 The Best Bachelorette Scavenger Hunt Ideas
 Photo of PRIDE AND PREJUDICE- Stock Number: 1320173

◆ ◆ ◆ ◆

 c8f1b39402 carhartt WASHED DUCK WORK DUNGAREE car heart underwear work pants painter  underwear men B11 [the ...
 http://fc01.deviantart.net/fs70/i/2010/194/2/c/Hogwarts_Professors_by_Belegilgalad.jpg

◆ ◆ ◆ ◆

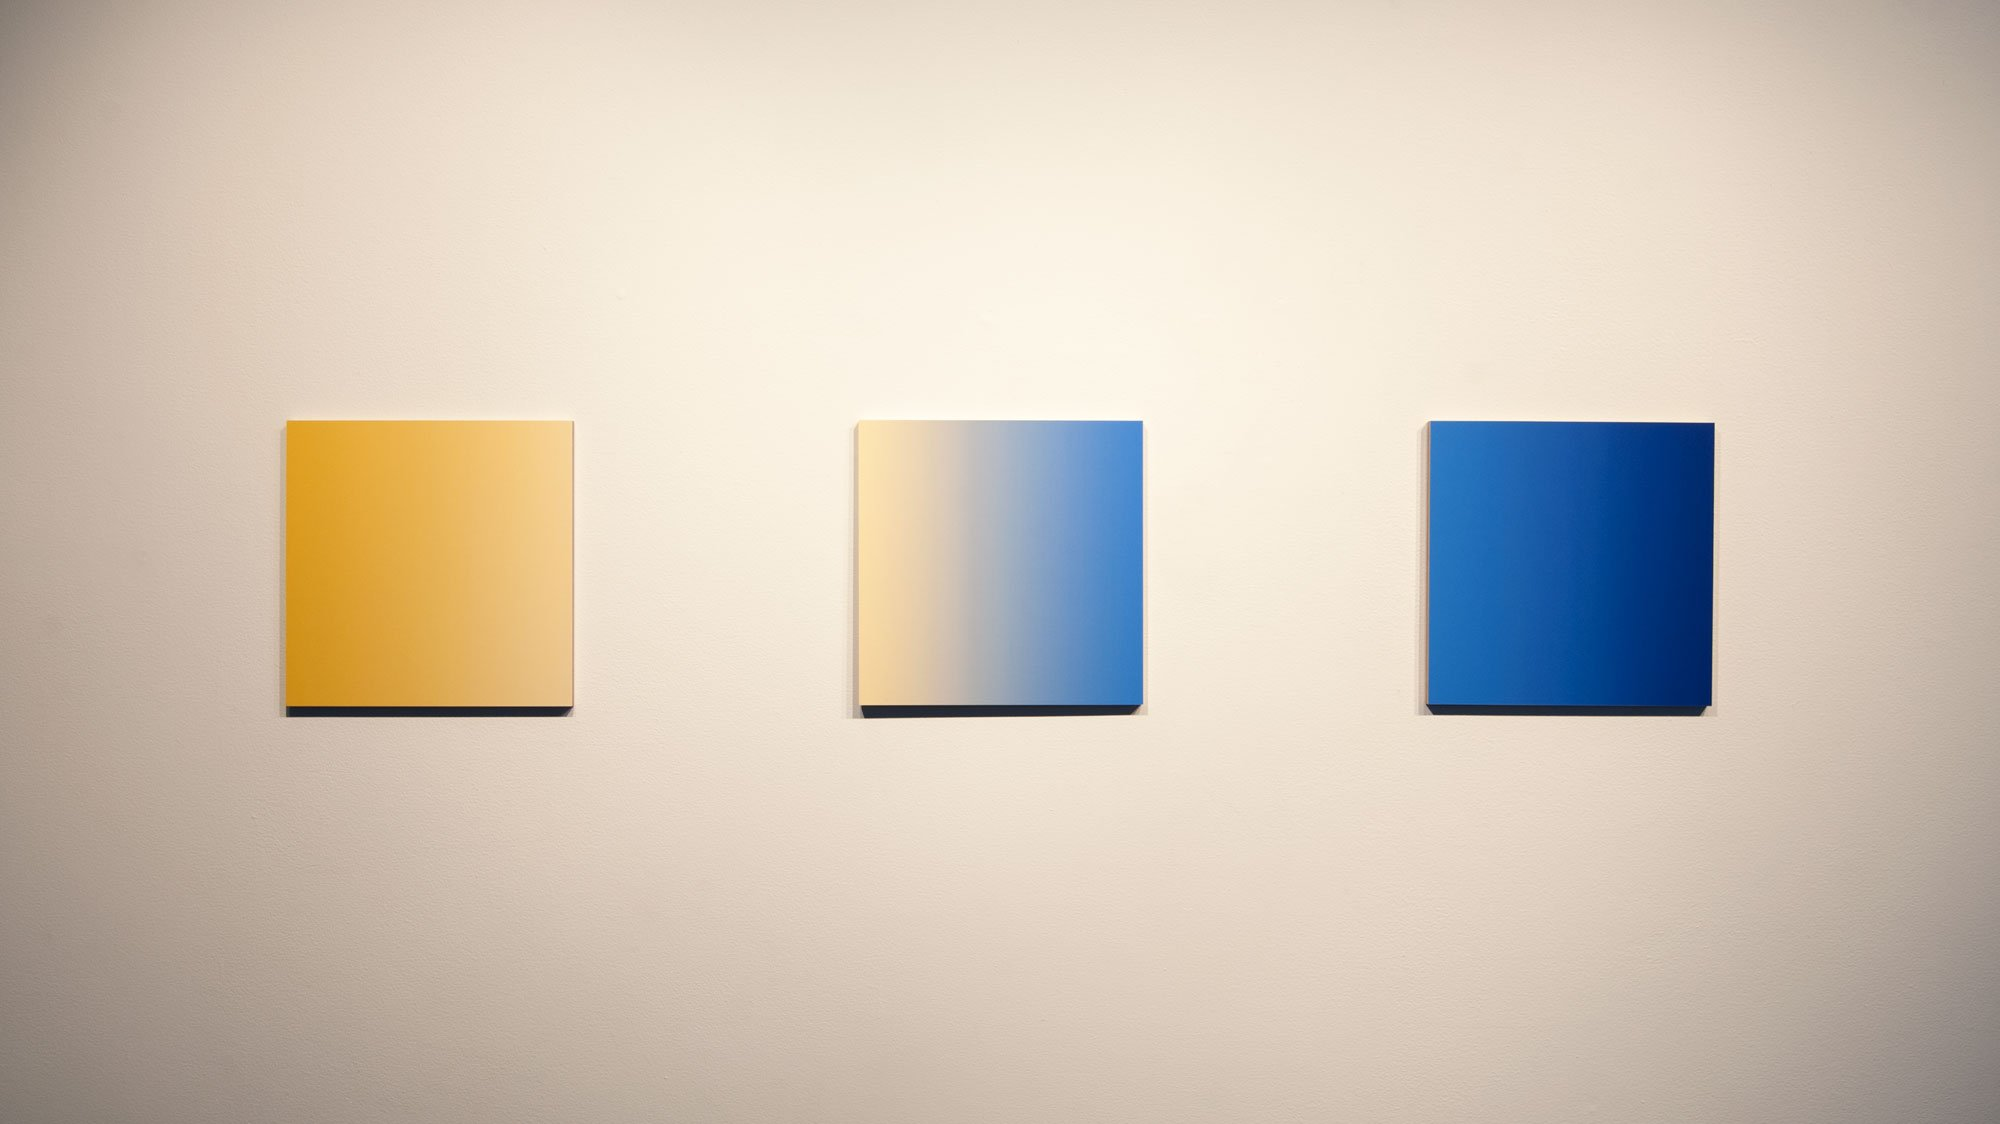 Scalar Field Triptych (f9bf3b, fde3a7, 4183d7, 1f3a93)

◆ ◆ ◆ ◆

Retype, in the same exact form, the lines of the material above from the line holding "The Best Bachelorette Scavenger Hunt Ideas" through the line holding "Photo of PRIDE".

 The Best Bachelorette Scavenger Hunt Ideas
 Photo of PRIDE AND PREJUDICE- Stock Number: 1320173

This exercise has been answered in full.